Test input Expected output What it validates
1 1 / 10 10 Minimum size and first marginal value
1 2 / 1 0 Negative marginal values are sometimes required
3 9 / 1 2 3 0 Maximum use of capacities and boundary handling
5 14 / 2 2 3 2 2 5 Many equal values and threshold reconstruction

Edge Cases

For the case:

1 2
1

the only sequence is:

1, -1

The binary search finds the threshold -1. The algorithm takes the value above -1, which is 1, then adds one value equal to -1. The final score is 0, and the only valid distribution is two fish of the same color.

For:

3 9
1 2 3

the capacities are 2, 3, and 4, so all fish must be used.
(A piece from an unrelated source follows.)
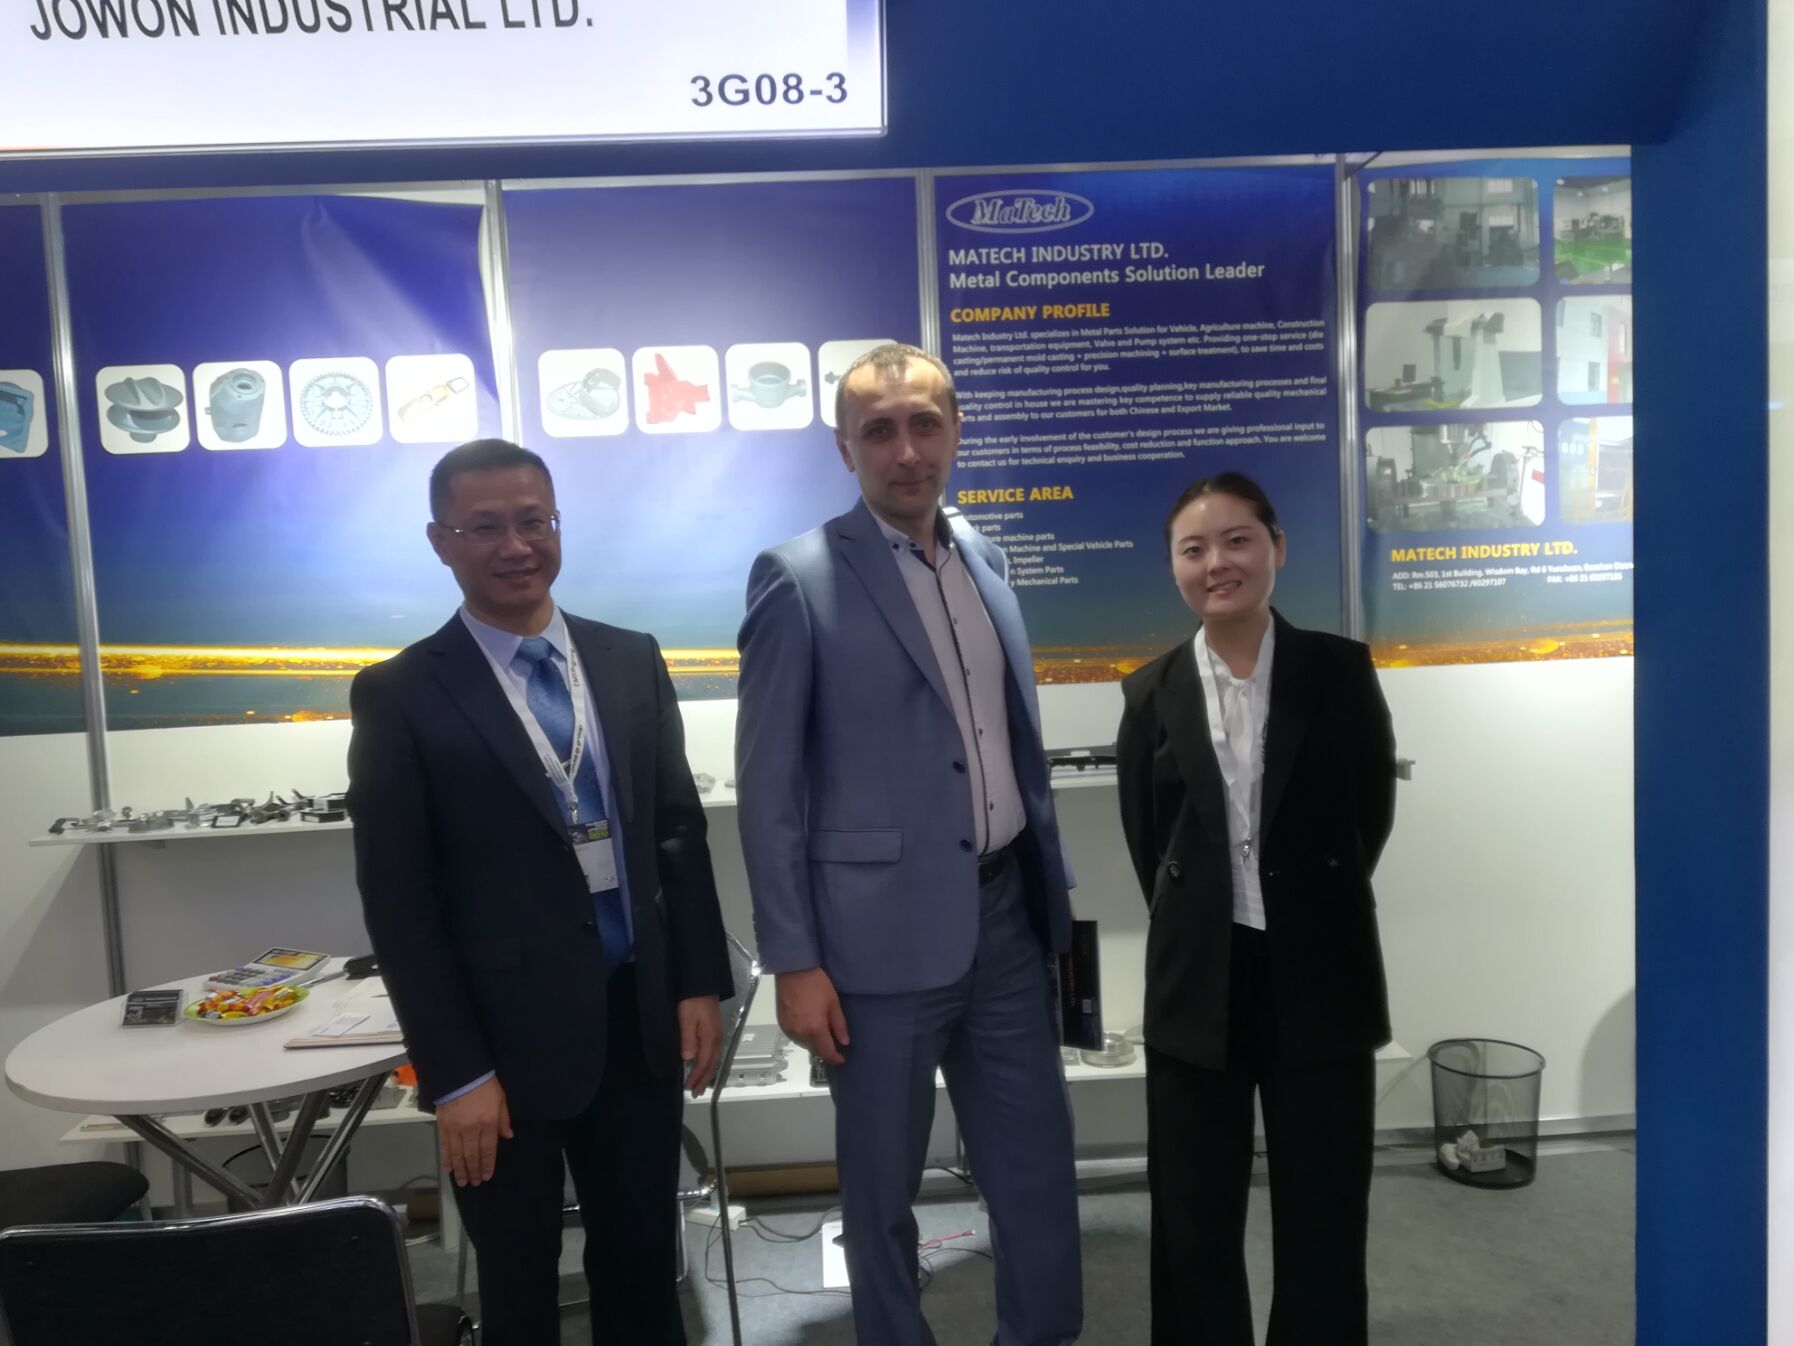 MATECH attended the 2019 NEWCAST Show in Düsseldorf Germany(图3)

The selected marginal values are:

1, -1
2, 0, -2
3, 1, -1, -3

Their sum is zero. The algorithm reaches this naturally because the threshold becomes the lowest required contribution and it still respects the exact fish count.

For colors with the same values, such as:

5 14
2 2 3 2 2

many marginal contributions are identical. The binary search only determines the value boundary, not the exact colors. During reconstruction, any colors with the needed next contribution are acceptable, which is why the method can output any optimal distribution.